== INPUT

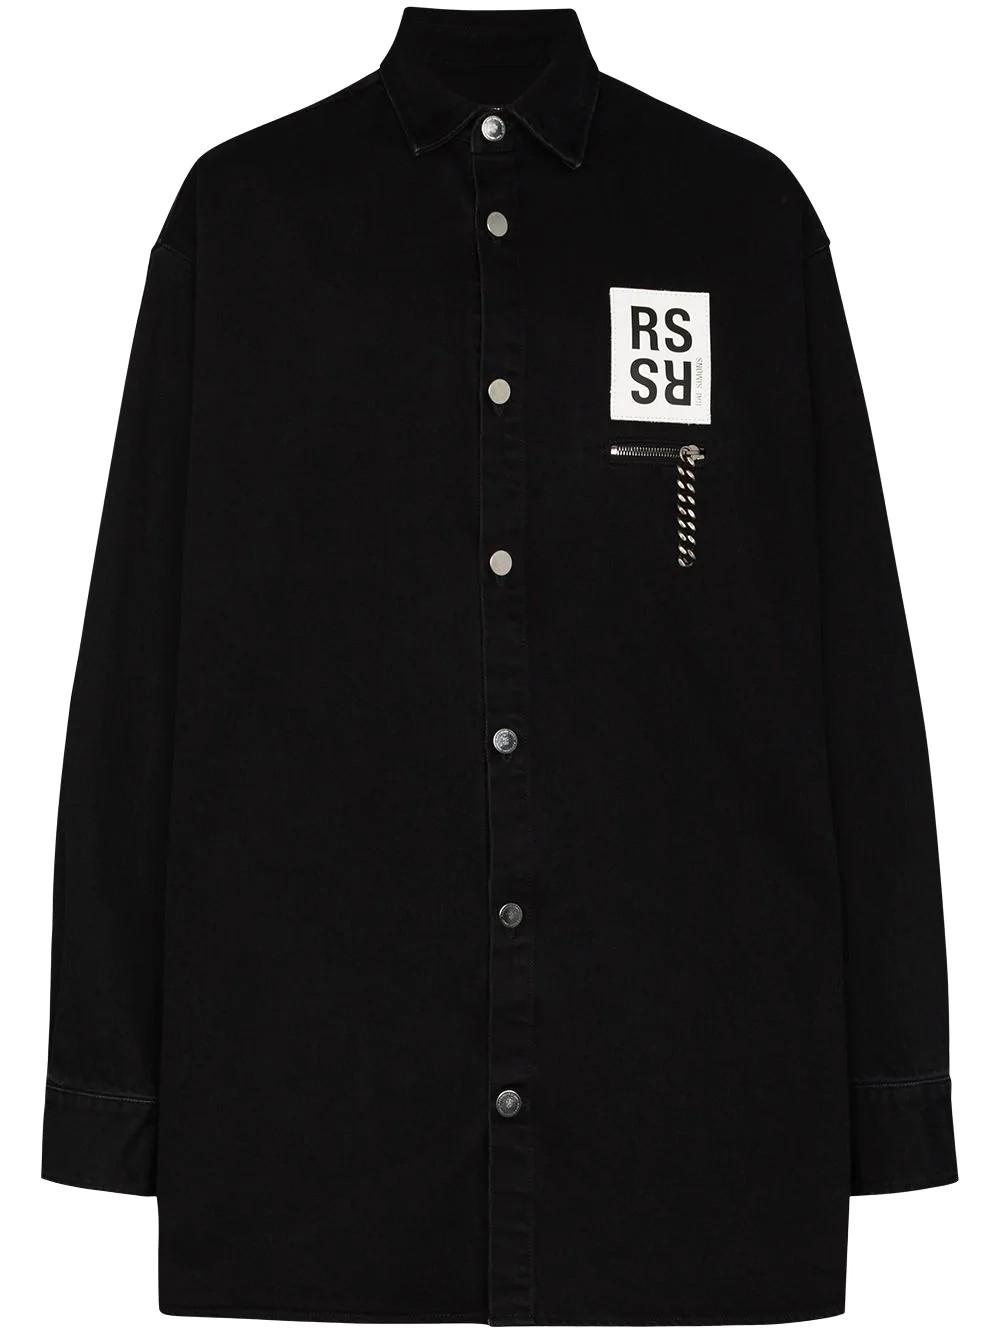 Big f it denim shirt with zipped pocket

====
== INPUT

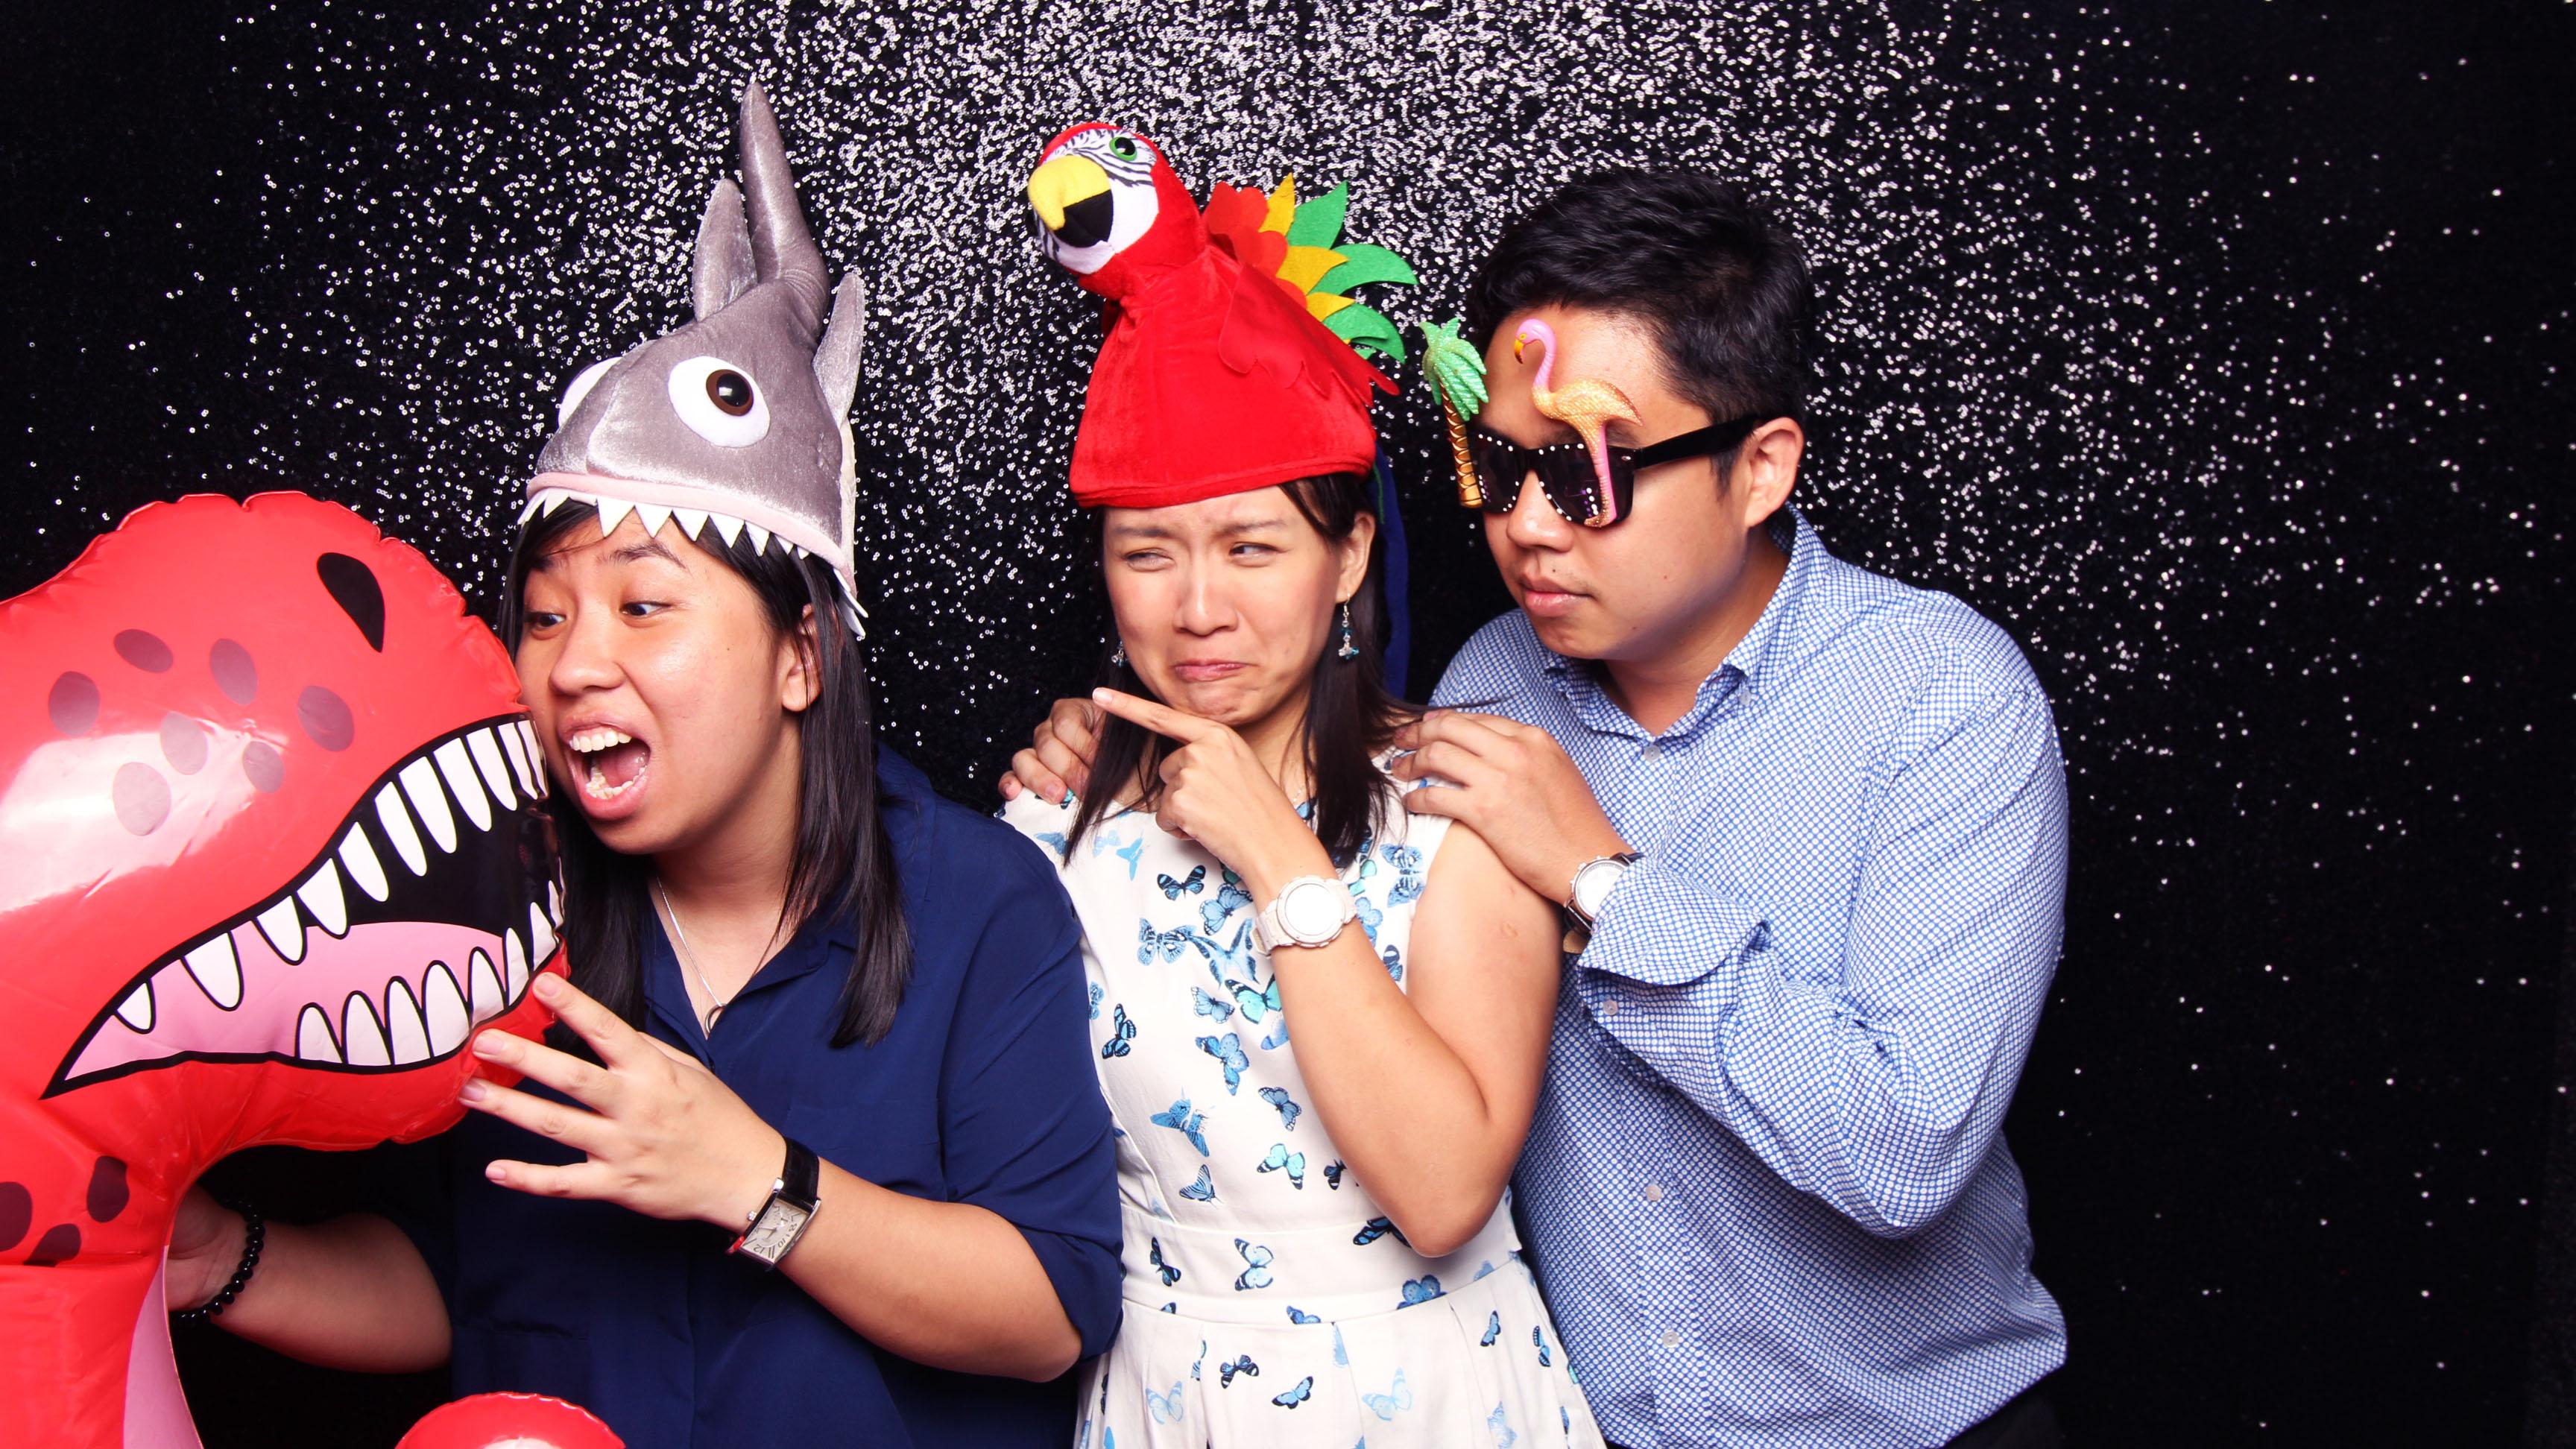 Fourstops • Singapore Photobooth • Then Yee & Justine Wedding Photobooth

====
== INPUT

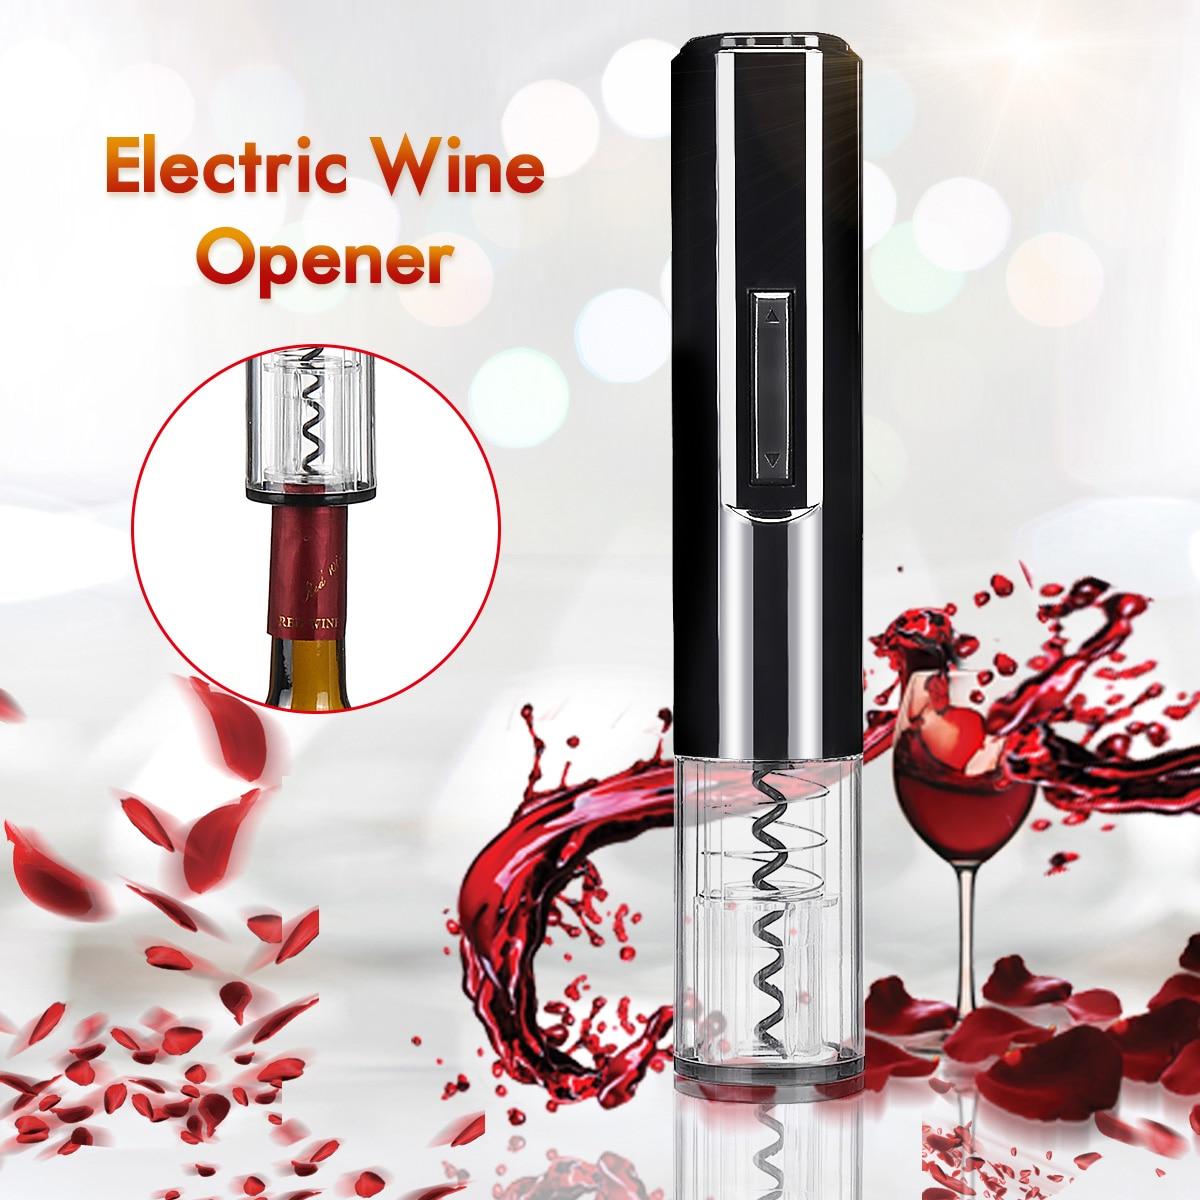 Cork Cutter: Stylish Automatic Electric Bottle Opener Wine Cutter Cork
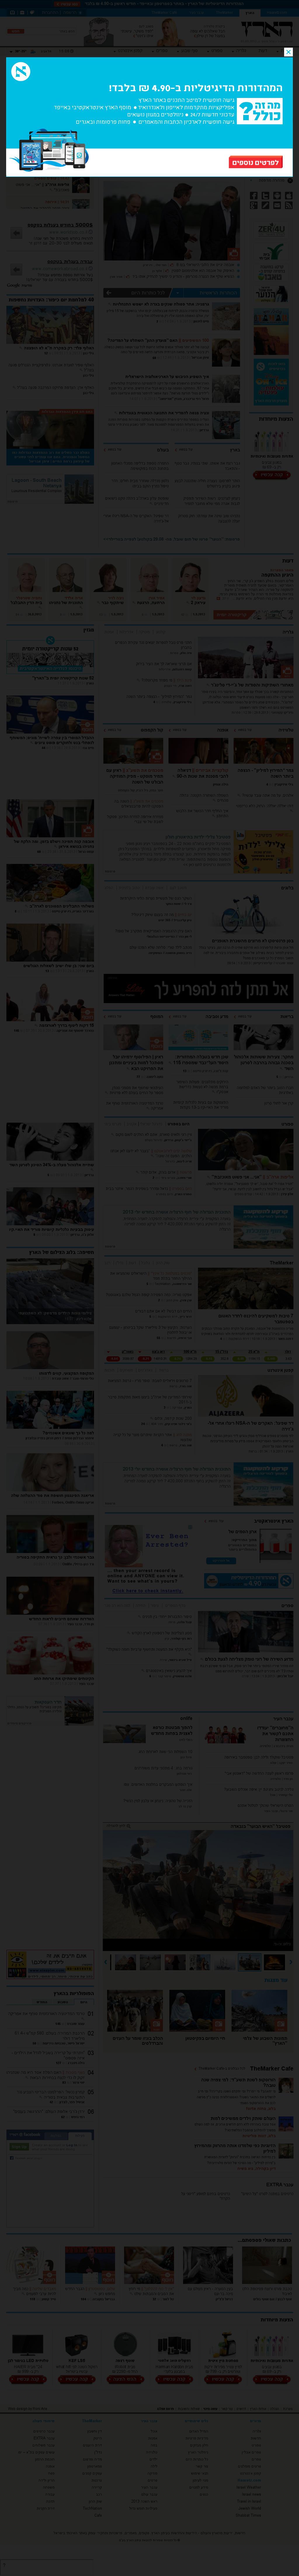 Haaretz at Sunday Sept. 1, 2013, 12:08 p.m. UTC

====

ACTIVITY: Among the entries above, locate the line with "Cork Cutter: Stylish" and the line with "Haaretz at Sunday". Give those two lines and all lines between them again, exactly, leaving out the pictures.

TASK OUTPUT:
 Cork Cutter: Stylish Automatic Electric Bottle Opener Wine Cutter Cork
 Haaretz at Sunday Sept. 1, 2013, 12:08 p.m. UTC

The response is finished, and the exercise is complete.